Venue: Poster Village: Pod 1

First Author: : E.Livny ISRAEL

Co Author(s): :    I. Bahar   I. Levy   M. Mimouni   Y. Nahum              

Abstract Details


To assess Descemet's Membrane Endothelial Keratoplasty (DMEK) without performing a peripheral iridotomy (PI) prior to or during surgery ("PI-less DMEK").


Ophthalmology department at the Rabin Medical Center, Petach-Tikva, Israel, a tertiary hospital affiliated to Tel-Aviv University,Tel-Aviv, Israel


A retrospective cohort study of consecutive patients that underwent DMEK without performing a PI prior to or during surgery ("PI-less DMEK"). SF6 gas completely filled the Anerior chamber at the end of the surgery. In all cases, partial gas evacuation was performed on the slit lamp approx. 90 minutes after surgery by gentle press on a port incision, leaving a free floating gas bubble in the anterior chamber, to avoid pupillary block. Intraoperative and postoperative complications were assessed.

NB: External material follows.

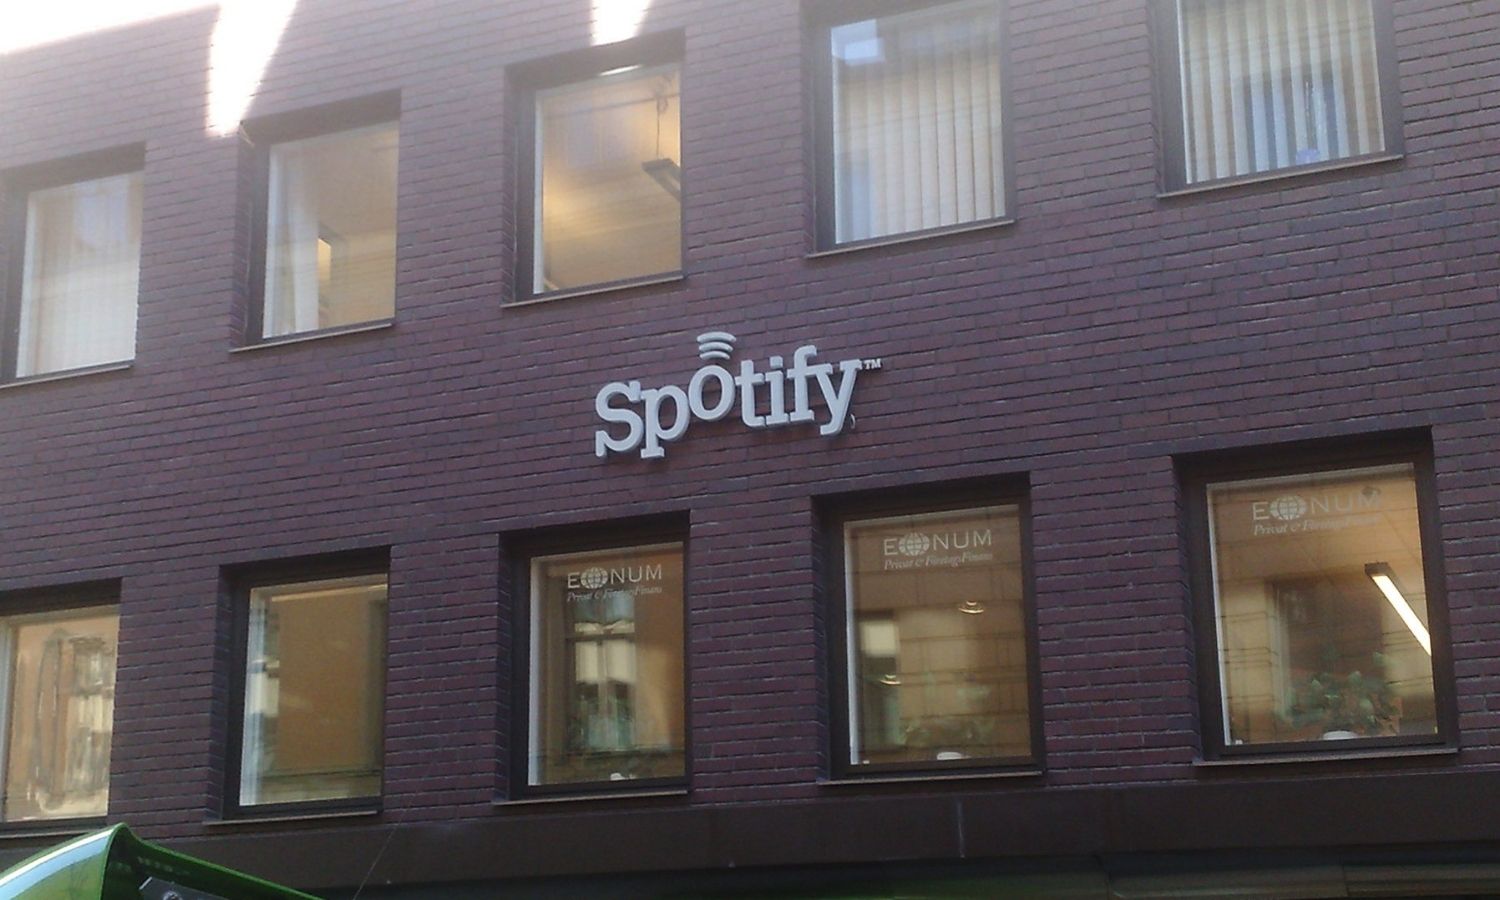 OTD in 2008: Swedish music streaming service Spotify was launched by Daniel Ek and Martin Lorentzon.

31 patients were included. Preoperative visual acuity was 1.13±0.59 logMAR. Intraoperative complications included anterior chamber hyphema during graft insertion requiring reinsertion (n=1) and minor hyphema from the main corneal incision (n=1). Partial gas evacuation at the slit lamp was uneventful in all cases. Postoperative complications included graft detachment requiring rebubbling (n=5), uncontrolled intraocular hypertension requiring trabeculectomy (n=1) postoperative cystoid macular edema (n=1) and graft failure 5 months postoperatively (n=1). None developed pupillary block. Cell loss was 49±20%. Excluding graft failure (n=1) & preoperative amblyopia (n=2) ,final visual acuity was 0.24±0.22 logMAR with 30% reaching 6/7.5 (Snellen) or more.


Performing PI prior to or during DMEK surgery has its risks and limitations, such as iris bleeding, gas escaping to the vitreous through the PI, pigment release etc. This study shows that avoiding PI before or during DMEK surgery is feasible, with satisfactory results. Partial evacuation of the gas from the anterior chamber 90 minutes after surgery is necessary to avoid pupillary block and can be performed safely and easily at the slit lamp.